Problem to work on: The reply must contain exactly the lines below from the one with "Wijzonol Muurvoorstrijk Aankleurbaar" down to the one with "PI závesná lampa, kvetinový", both included, and nothing more; please omit the pictures.

Supplied data:
◆ ◆ ◆ ◆ ◆

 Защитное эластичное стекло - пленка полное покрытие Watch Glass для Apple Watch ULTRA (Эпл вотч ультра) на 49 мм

◆ ◆ ◆ ◆ ◆

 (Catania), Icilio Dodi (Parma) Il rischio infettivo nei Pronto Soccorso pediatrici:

◆ ◆ ◆ ◆ ◆

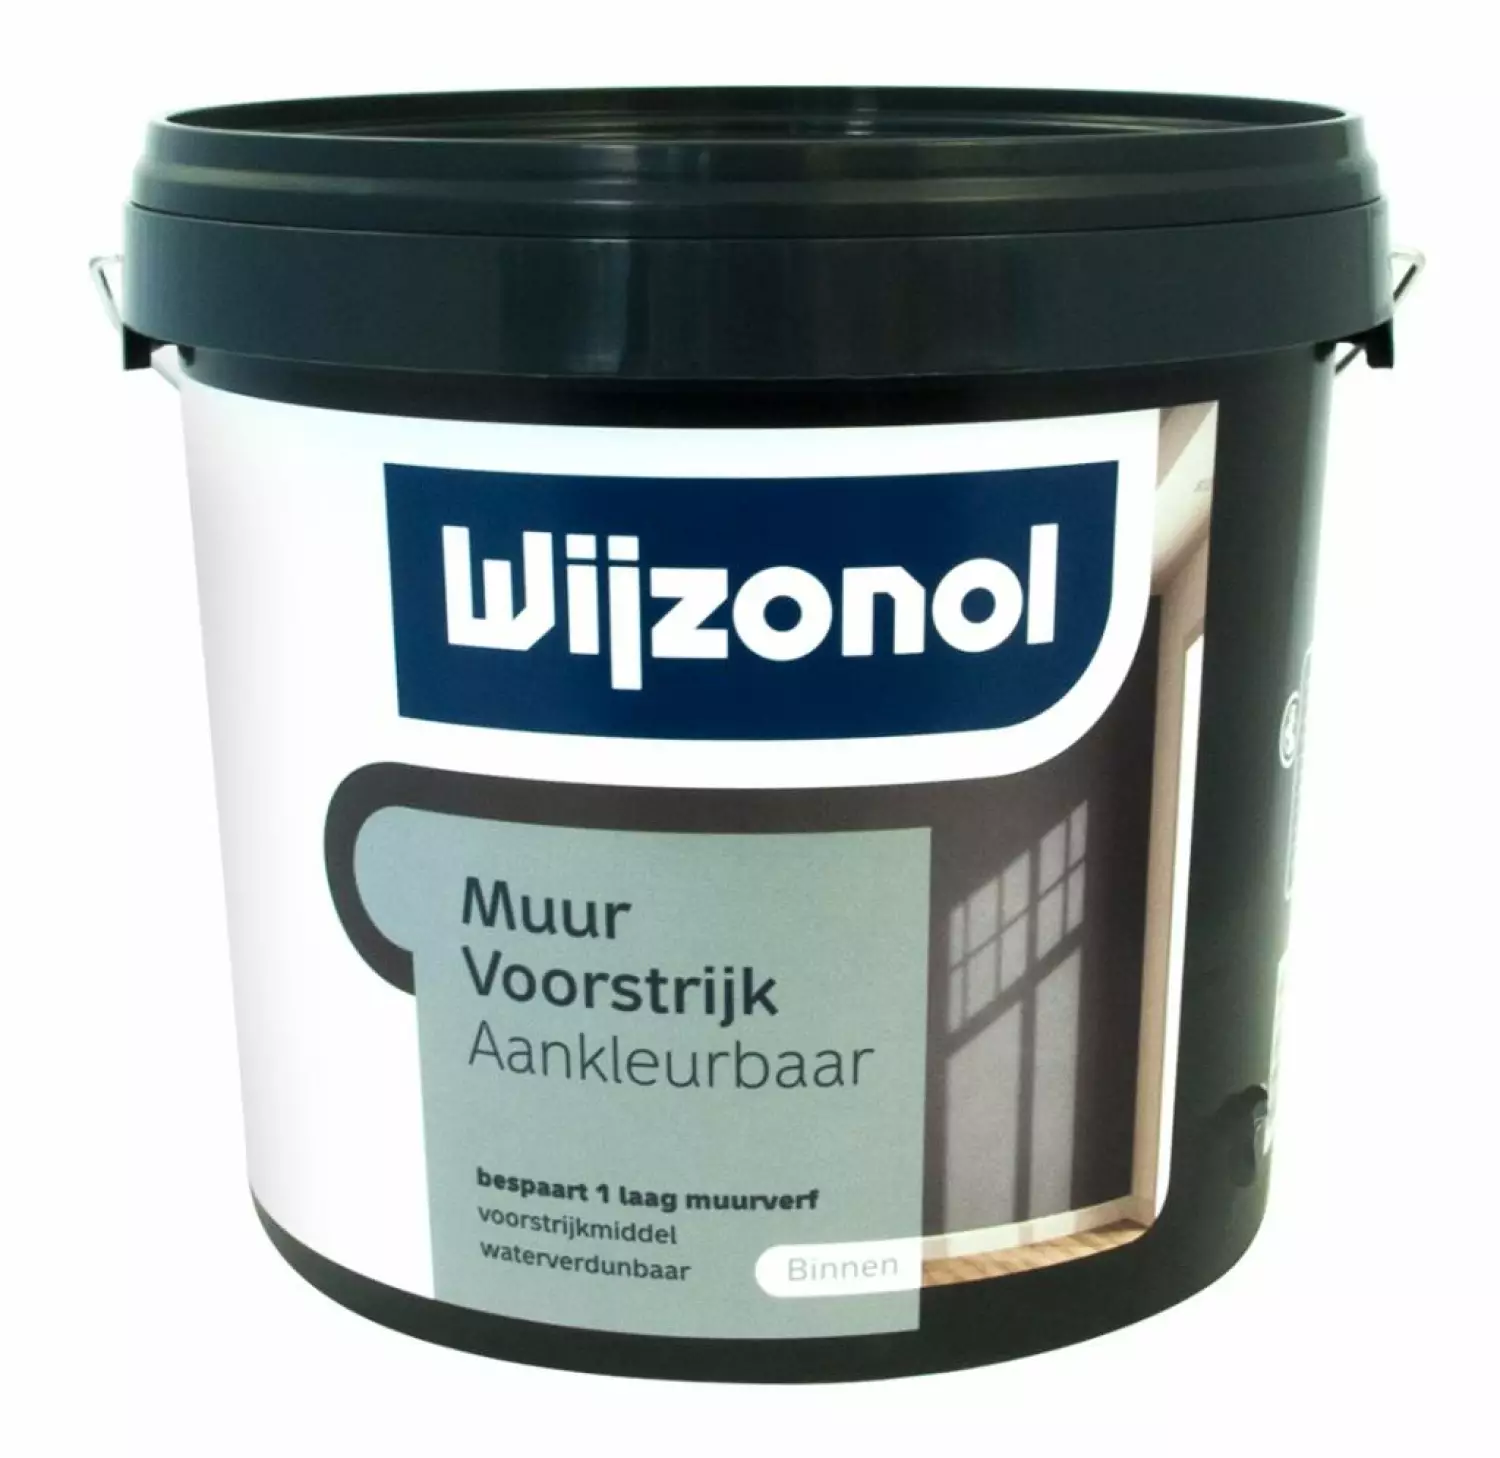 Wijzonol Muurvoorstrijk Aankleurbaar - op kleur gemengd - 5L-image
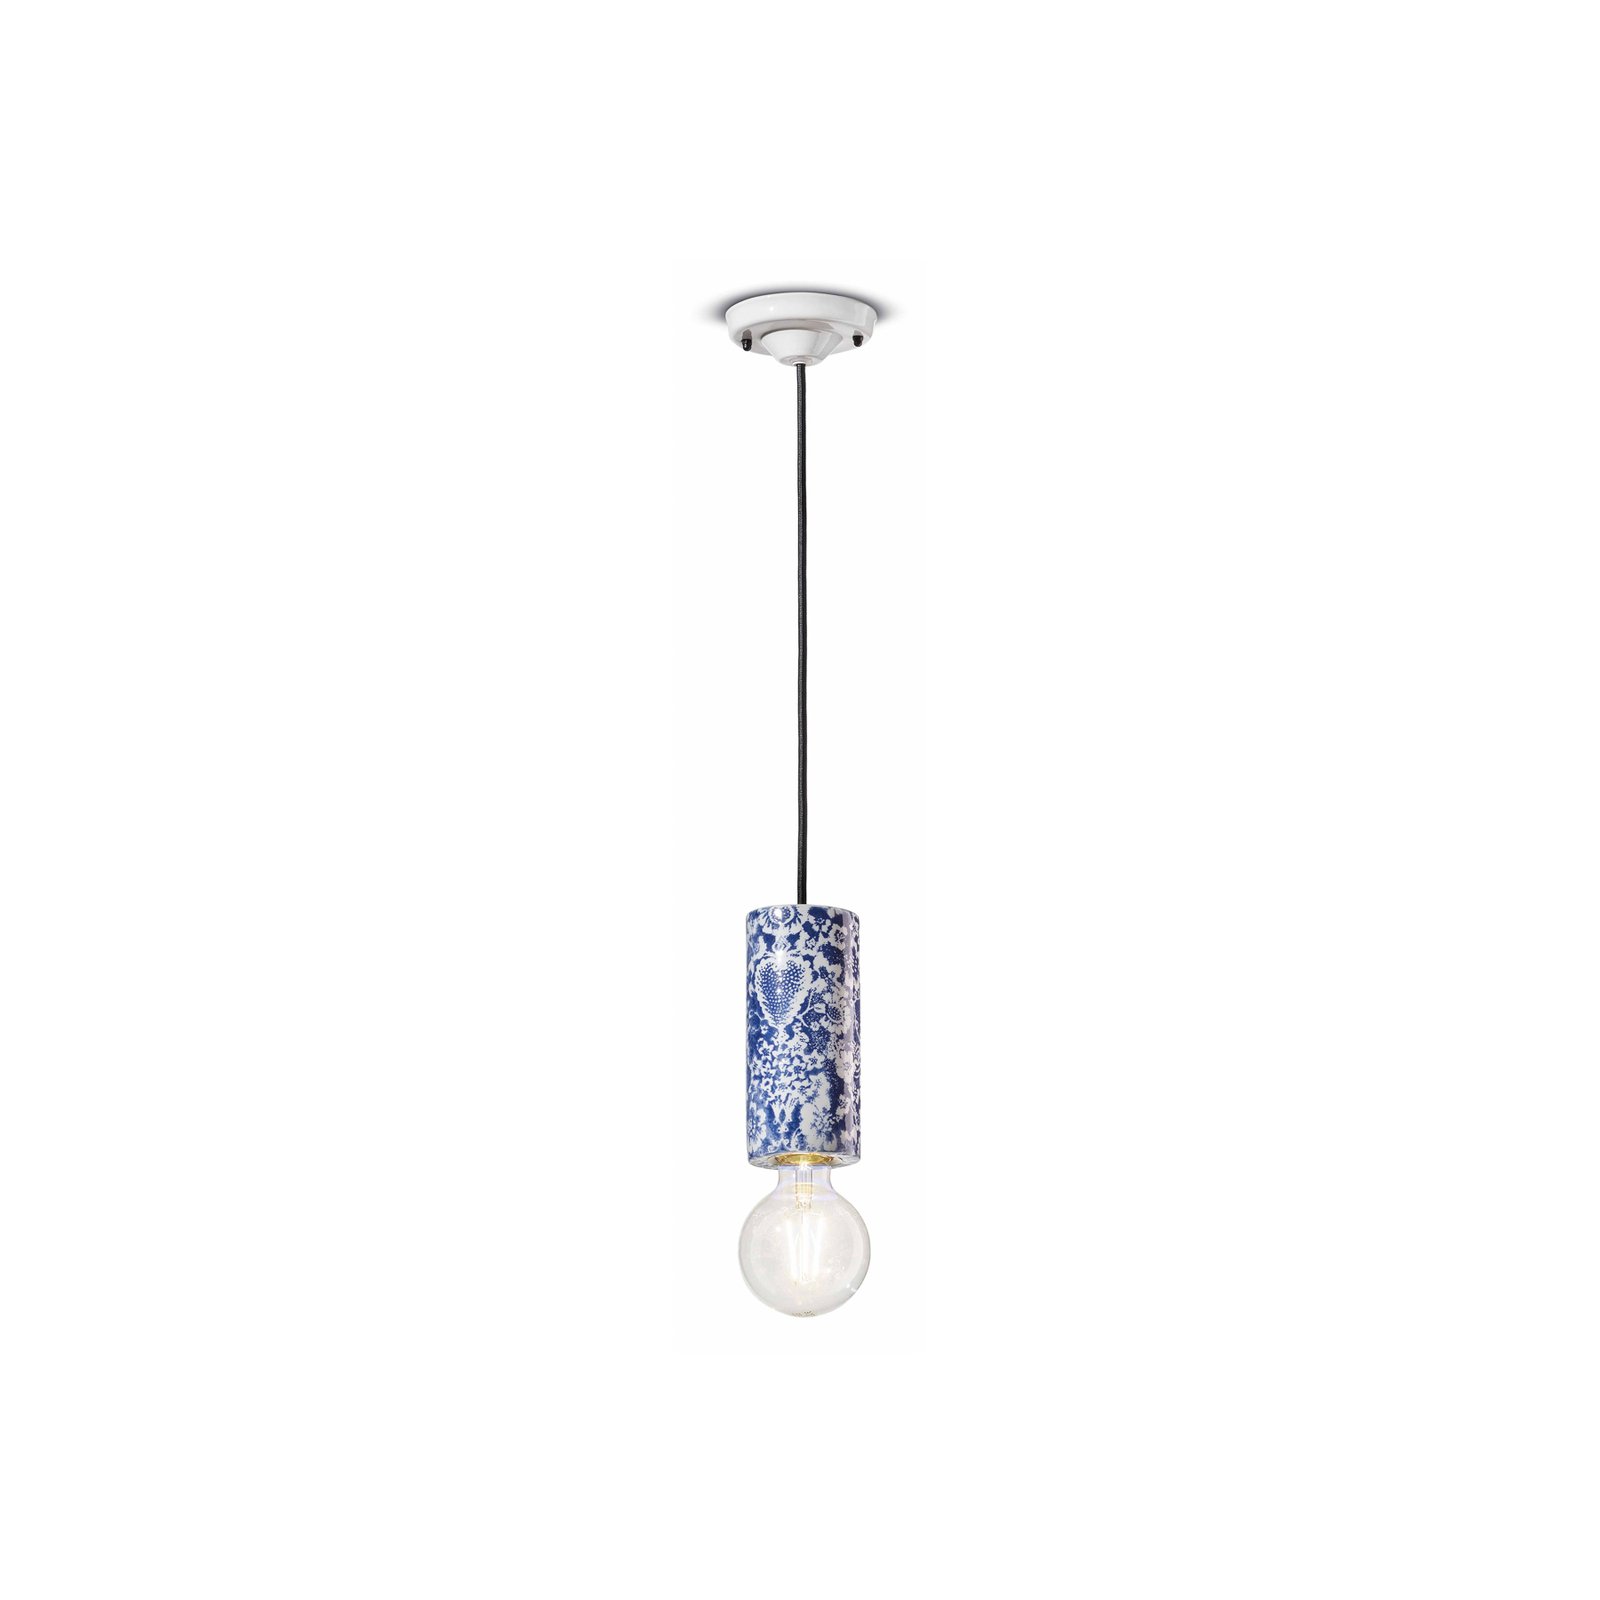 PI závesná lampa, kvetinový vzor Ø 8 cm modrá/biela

◆ ◆ ◆ ◆ ◆

Response for this exercise:
 Wijzonol Muurvoorstrijk Aankleurbaar - op kleur gemengd - 5L-image
 PI závesná lampa, kvetinový vzor Ø 8 cm modrá/biela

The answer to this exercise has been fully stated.